Jet saw the freshmen's productivity coming, given knowledge following her younger sister. Gray heard they were coming and said they've brought competition to another level, bringing out "a new side of Ragsdale that we've never really seen before."

Ellie said the trio has grown not just in softball but as people since first meeting in sixth grade at Jamestown. The Jamestown teams didn't have remarkable achievements then, they said, but grew strong friendships there.

The trio has blended in well to form a high-energy team that cheers together in the dugout, comes focused to every practice and even spends time together away from team activities. Every time the defense takes the field, Gray and Sizemore meet each other to tap gloves as a sign of team support.

"I would say that us bonding so much, I feel like has led us to trust each other very well and I feel like trust has led us really far because then we trust each other," Sizemore said. "If I don't get the job done, I know that she'll (Edwards) get the job done."

Throughout the season, the Tigers have won 12 games by double-digits, with 10 by at least 15 runs. In addition to the Page game, the biggest threats to their undefeated record came in two one-run wins over TAAC Six 5A/6A Conference runner-up Southern Guilford.

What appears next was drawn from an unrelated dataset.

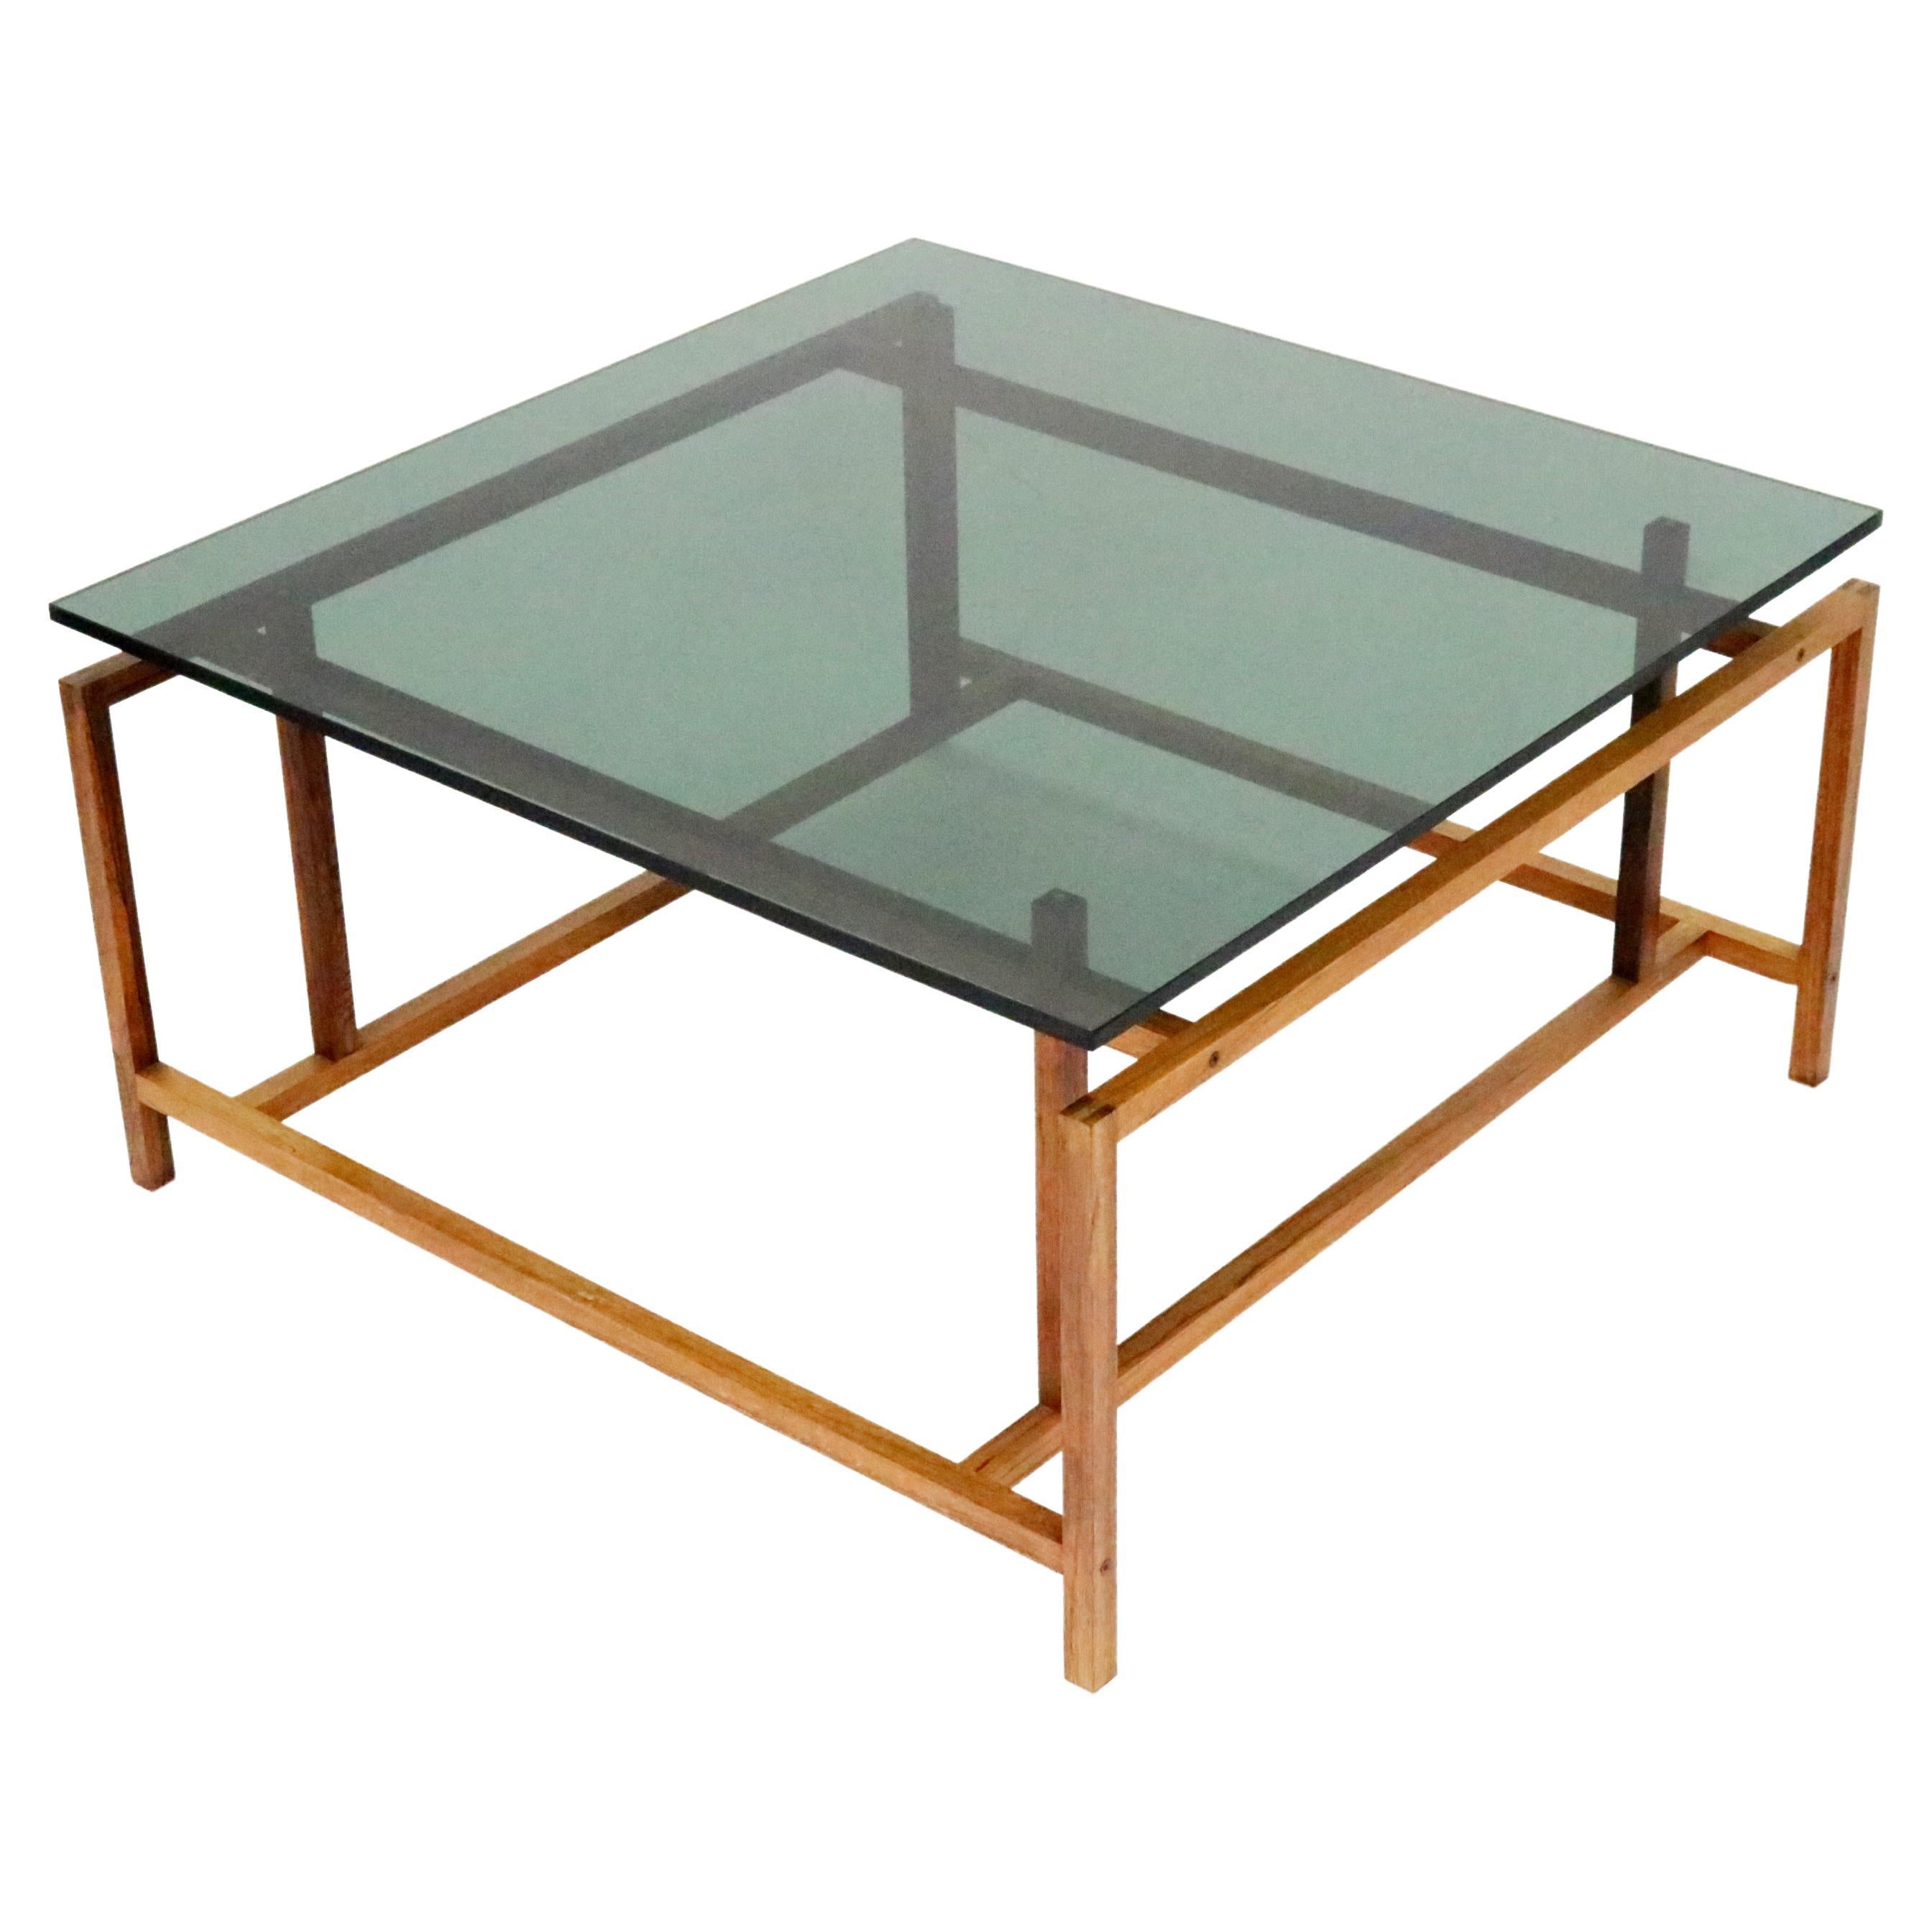 Henning Norgaard pour Komfort table basse en bois de rose et plateau en verre flottant
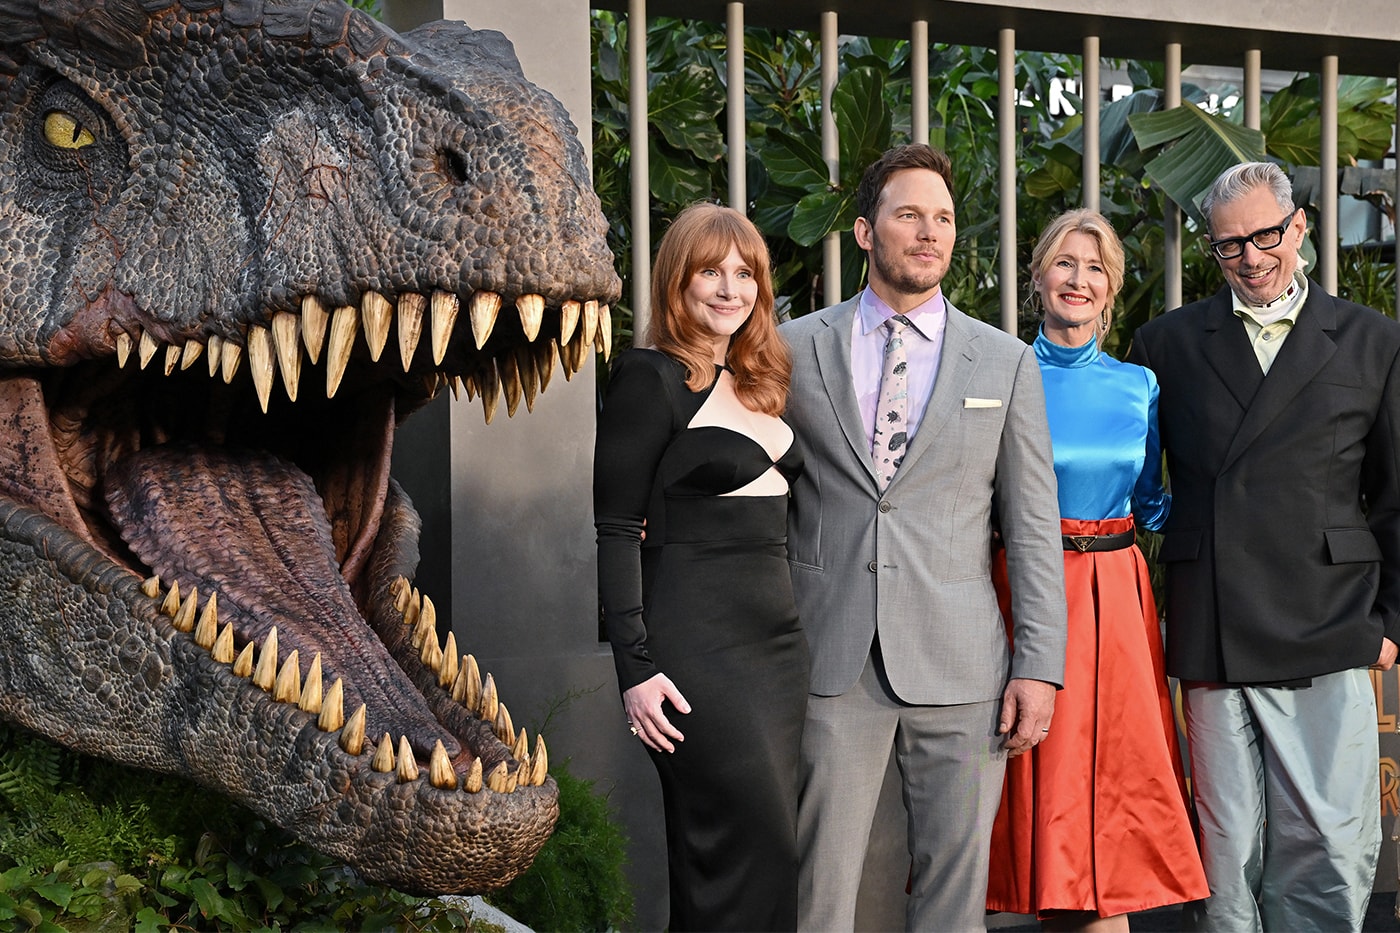 Jurassic World Dominion 143 million USD opening weekend box office

On March 4, senior Morgan Osborne's RBI triple to right field made it 6-6 and senior Gracie Hitchcock's walk-off single right after to third base won the game, 7-6, in the bottom of the seventh. Three weeks later, Ragsdale led 9-2 through 2 ½ innings, before Southern's comeback made it 11-11 to force extra innings. In the top of the eighth, Hitchcock's grounder through the 3-4 hole brought Osborne home for the game-deciding run.

"And I think during Southern, we wanted it so bad, we were a little bit overanxious, so that made us lead into other innings, but then just overall, we got the job done because we learned how to lock in and get it done," Edwards said.

The Tigers defeated Southwest, 9-6, at home on March 24 after trailing 3-1 through two innings. They hope to achieve their first-ever undefeated record, apart from going 5-0 during the canceled 2020 season.

"I would say that for me personally and for my sister and the team, we take it one game at a time," Jet said. "We are not taking anything for granted, but we are also not letting ourselves get too cocky with this. We understand that any team could take it from us, but we also understand that we can win any game that we play as long as we set our minds to it."